9.) The whole counting grain thing
the jaded viewer says: Jeez. That's like forcing people to watch Ernest goes to Camp movies over and over again.
10.) Can't cross running water
the jaded viewer says: So if I'm being chased by a vamp and it starts to rain...I'm cool?
11.) Feed on blood or die
the jaded viewer says: Thank goodness for True Blood.
I can't think of the others. Maybe thats all of them. Honestly, all these rules have totally made vamps seriously disadvantaged. If you kill a vamp, it's like their civil rights have been fucked with.

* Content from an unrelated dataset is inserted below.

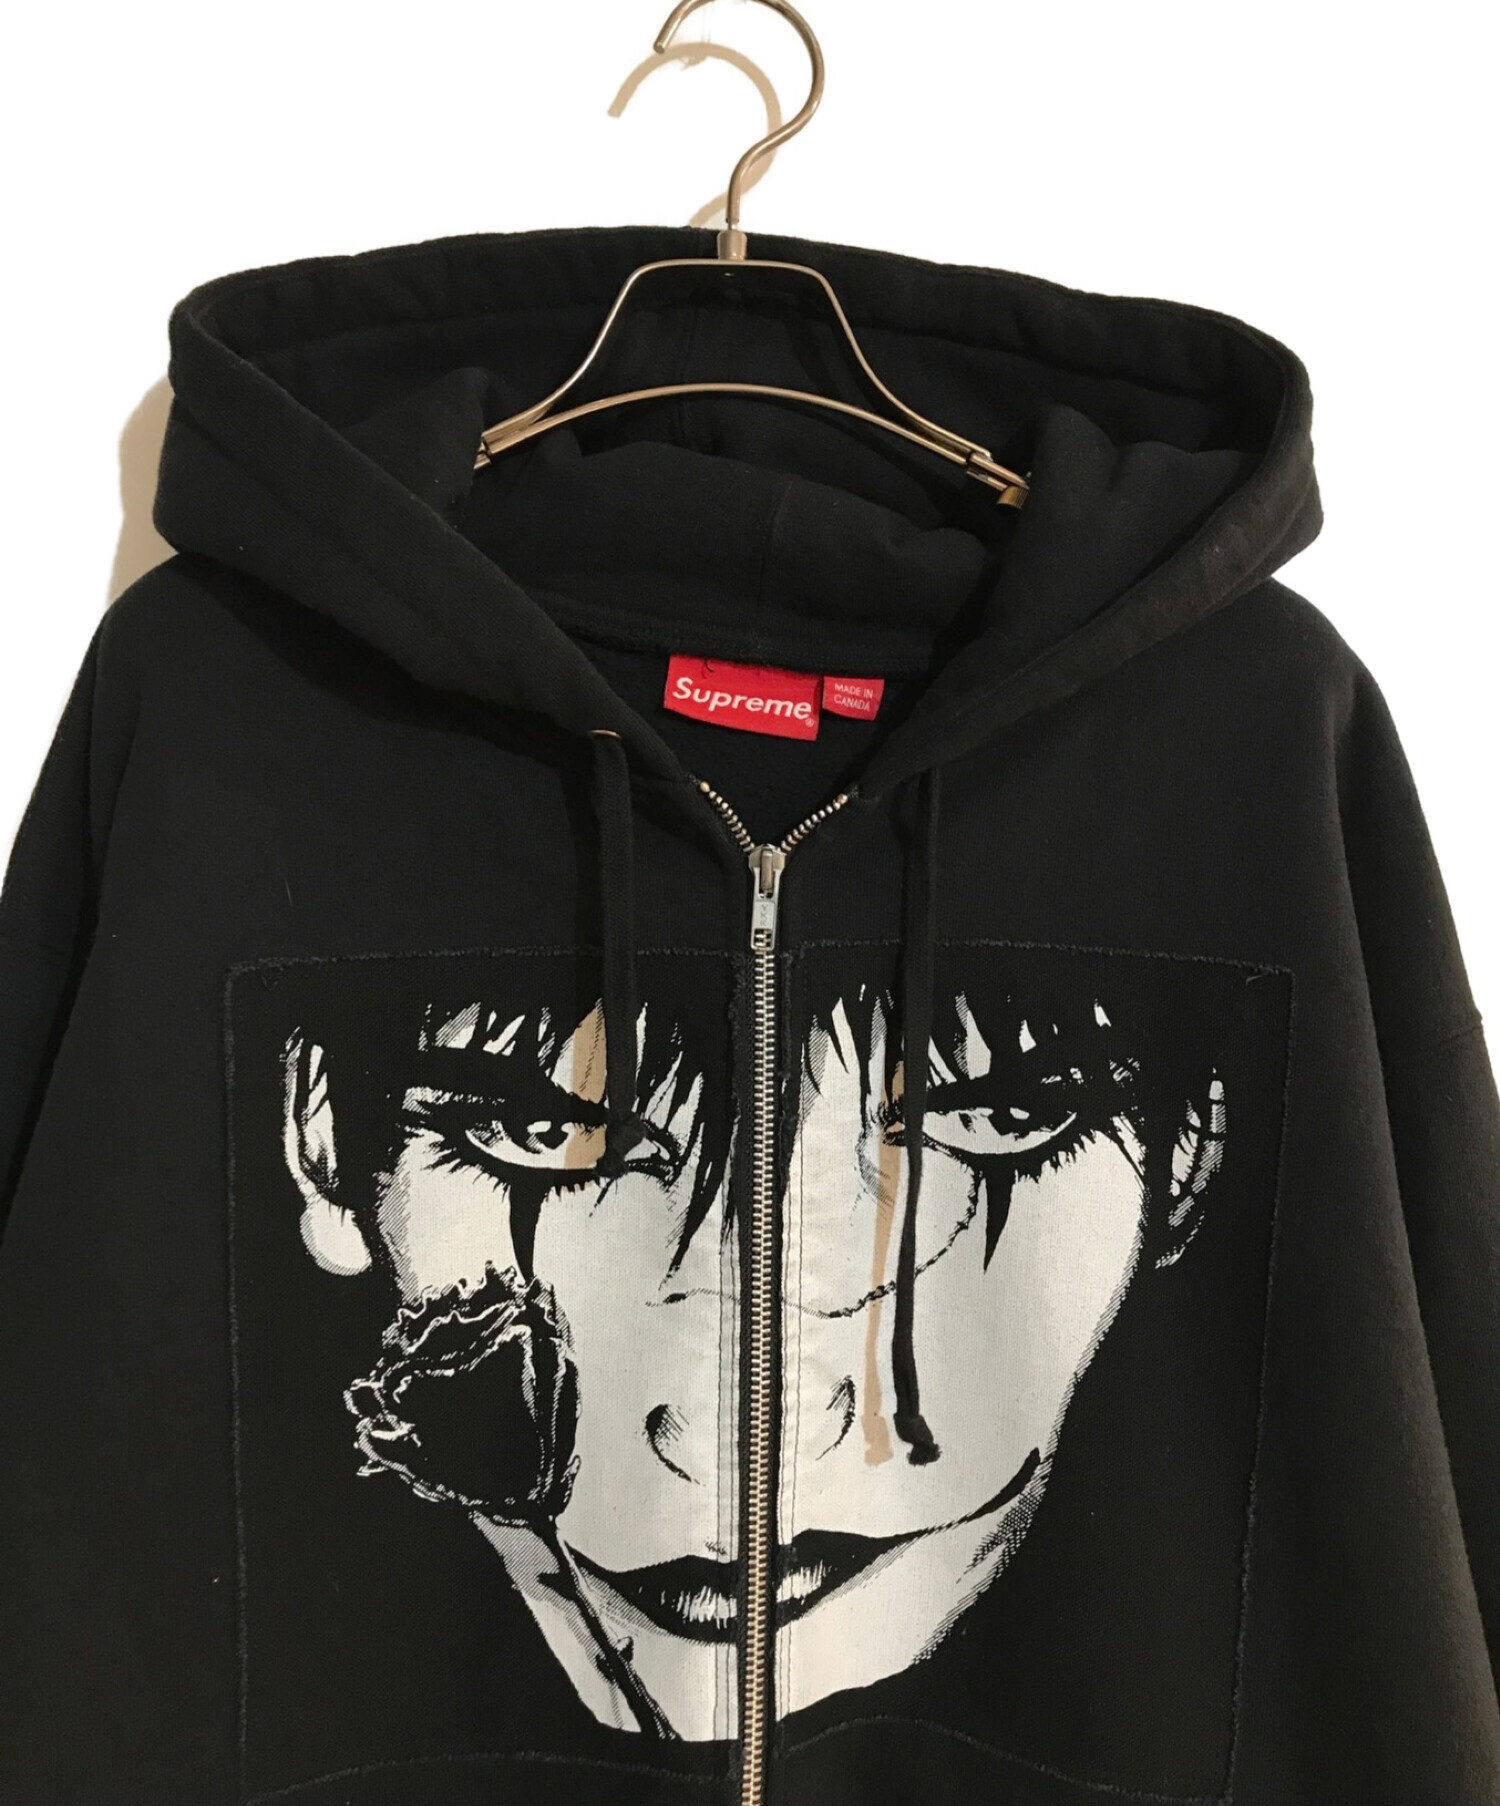 Supreme (シュプリーム) the crow hooded sweatshirt/ザクロウ フーデットスウェットシャツ ブラック  サイズ:SIZE L

I mean yeah they got super human strength, awesome teeth and that living forever thing is kinda neat. But if they go outside, they're pretty much toast.
Blade 2's reapers kinda made some uber vamps a little more scary but the generic vamps are totally screwed. I'm sure we can rewrite some of these dumb rules and come up with a good list that keeps em a little evil and very frightening. Hell, get rid of all these rules and start fresh. I'm sure we can make a better, more intimidating creature of the night.
Finally, I think somebody should make zombies vs vampires. That would be a totally awesome monster PPV right?